SOLO-1 is a Phase III randomized, double-blinded, placebo-controlled, multicenter trial. The goal was to evaluate the drug in BRCA-mutated advanced ovarian cancer patients as a first-line maintenance therapy.
In the trial, 391 patients with a deleterious or suspected deleterious BRCA1 or BRCA2 mutation who were in clinical complete or partial response after platinum-based chemotherapy were randomized two-to-one. They either received Lynparza or placebo for up to two years or until disease progression. The primary endpoint was PFS. Key secondary endpoints included time to second disease progression or death, time to first subsequent treatment and overall survival.
“We were incredibly proud to not only have the data presented in a Presidential Symposium at ESMO, but to have it published in the New England Journal of Medicine,” Coop said. “What we’re seeing is this magnitude, the reduction of progression of disease by 70 percent. In this first-line setting about seven out of 10 women are going to relapse. What we saw was that in three years, 60 percent who received it are progression-free compared to 27 percent in the placebo group. Not only is it statistically significant, but clinically meaningful for women who are looking for hope and new options.”
Lynparza is a PARP inhibitor, a relatively new class of cancer drugs, in an area known as DNA Damage Response (DDR). It was the first of three PARPi to hit the market. Cancer cells that have the BRCA mutation do not fix their DNA well when it is damaged during cell division. PARPi drugs block what remains of the DNA repair mechanism, so BRCA-mutated cancer cells do not replicate, which causes them to eventually die.
At one point, AstraZeneca abandoned the drug, but Pascal Soriot, when he took over the company in 2012, revived it. It was approval in the U.S. in 2014, although it faces competition from other PARP inhibitors marked by Tesaro and Clovis Oncology.

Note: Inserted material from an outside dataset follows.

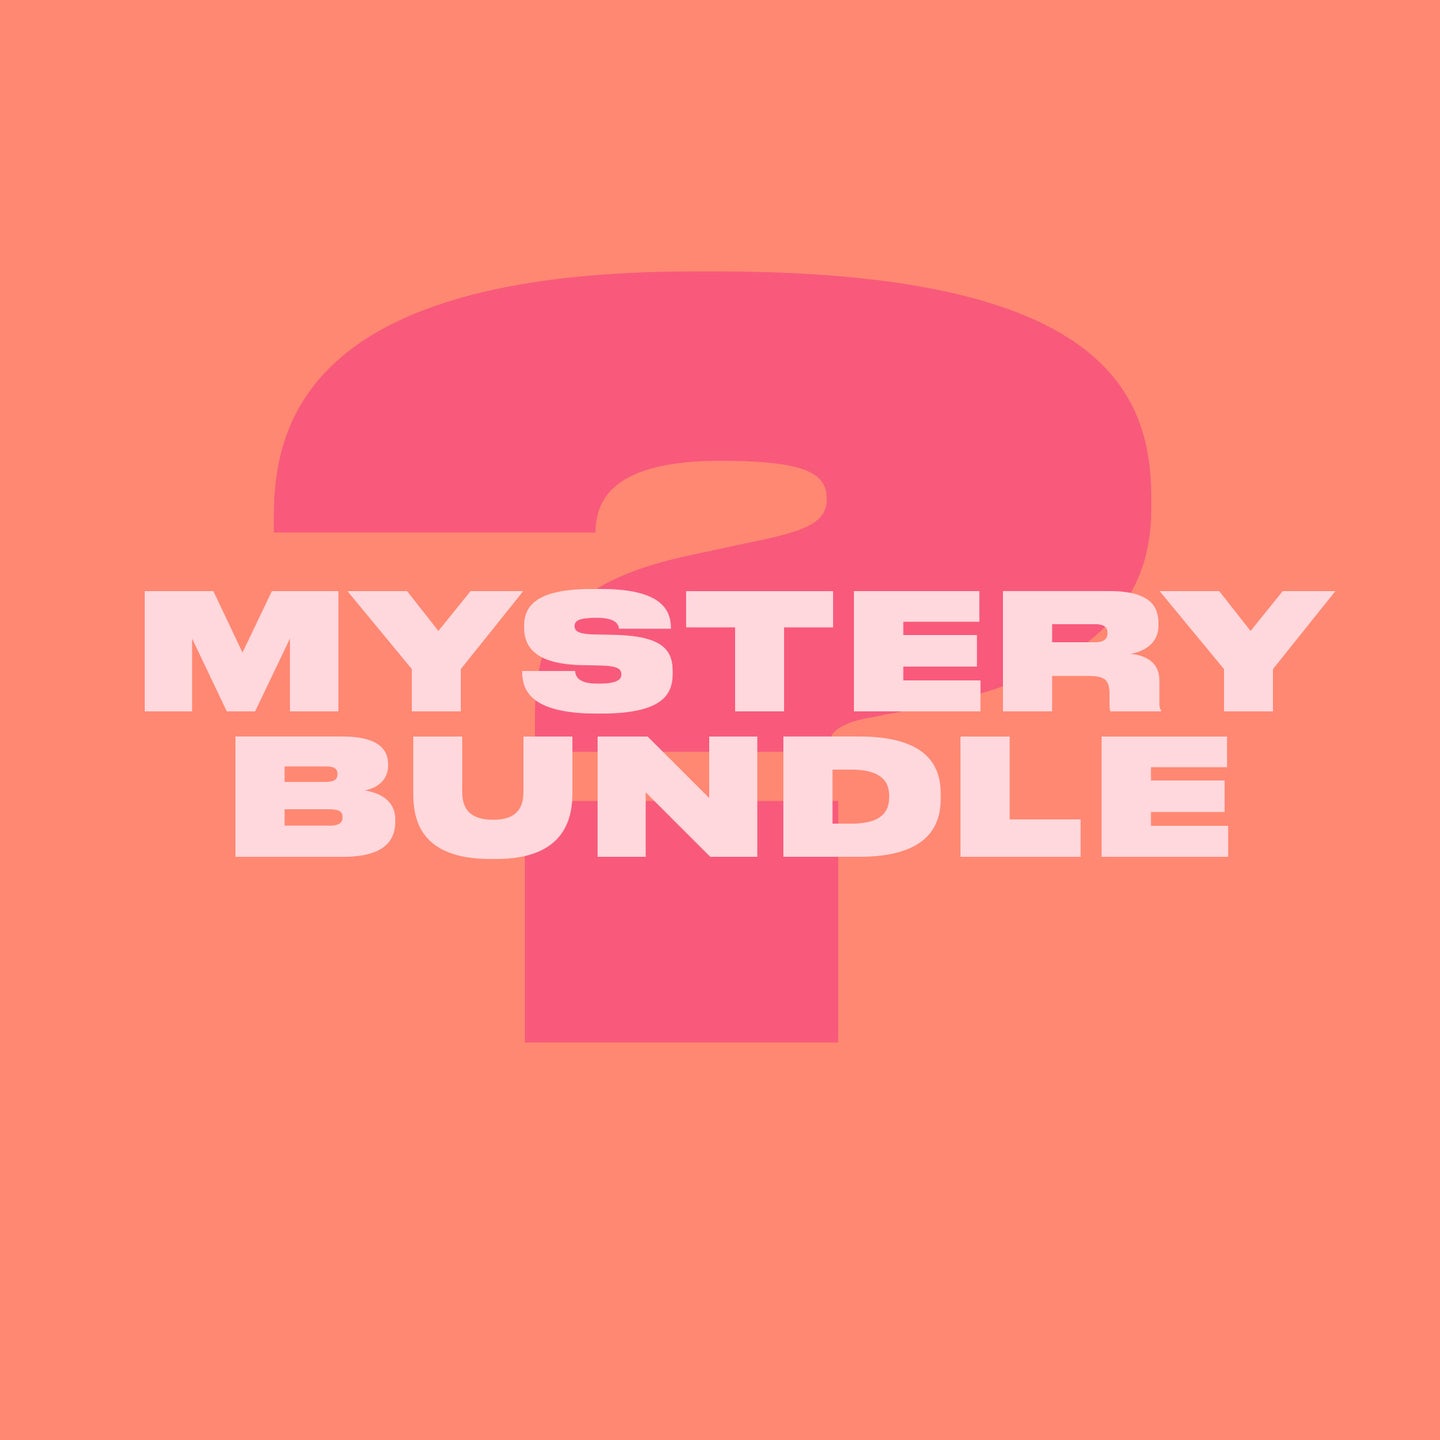 Mystery Bundle 1

There is an ongoing Phase III clinical trial, PAOLA-1, to evaluate Lynparza with Genentech’s Avastin (bevacizumab) as first-line maintenance therapy for women with newly diagnosed advanced ovarian cancer, regardless of BRCA status. Data is expected in 2019. Coop says that in addition to the PAOLA trial, Lynparza is also being investigated in the immuno-oncology setting with checkpoint inhibitors. “When you have an industry-leading portfolio like AstraZeneca, the question becomes, how can we do more, how can we combine drugs. We follow the science. It’s something we’ve done for many years. In the U.S. we’ve brought five medications forward in the last few years. So when you say, ‘what’s next?’ it’s continuing to look at new ways and novel investigations to help women’s ovarian cancer and other cancers with our portfolio.”
Results from the SOLO-1 trial were originally announced in late-June, although details were held back until ESMO.
If the drug is approved for first-line maintenance, as this data suggests is likely, analysts project sales could increase by more than $1 billion annually. The drug brought in $297 million in 2017. AstraZeneca has suggested that if approved for this new indication, the number of women with ovarian cancer eligible treatment could increase by 30 to 50 percent.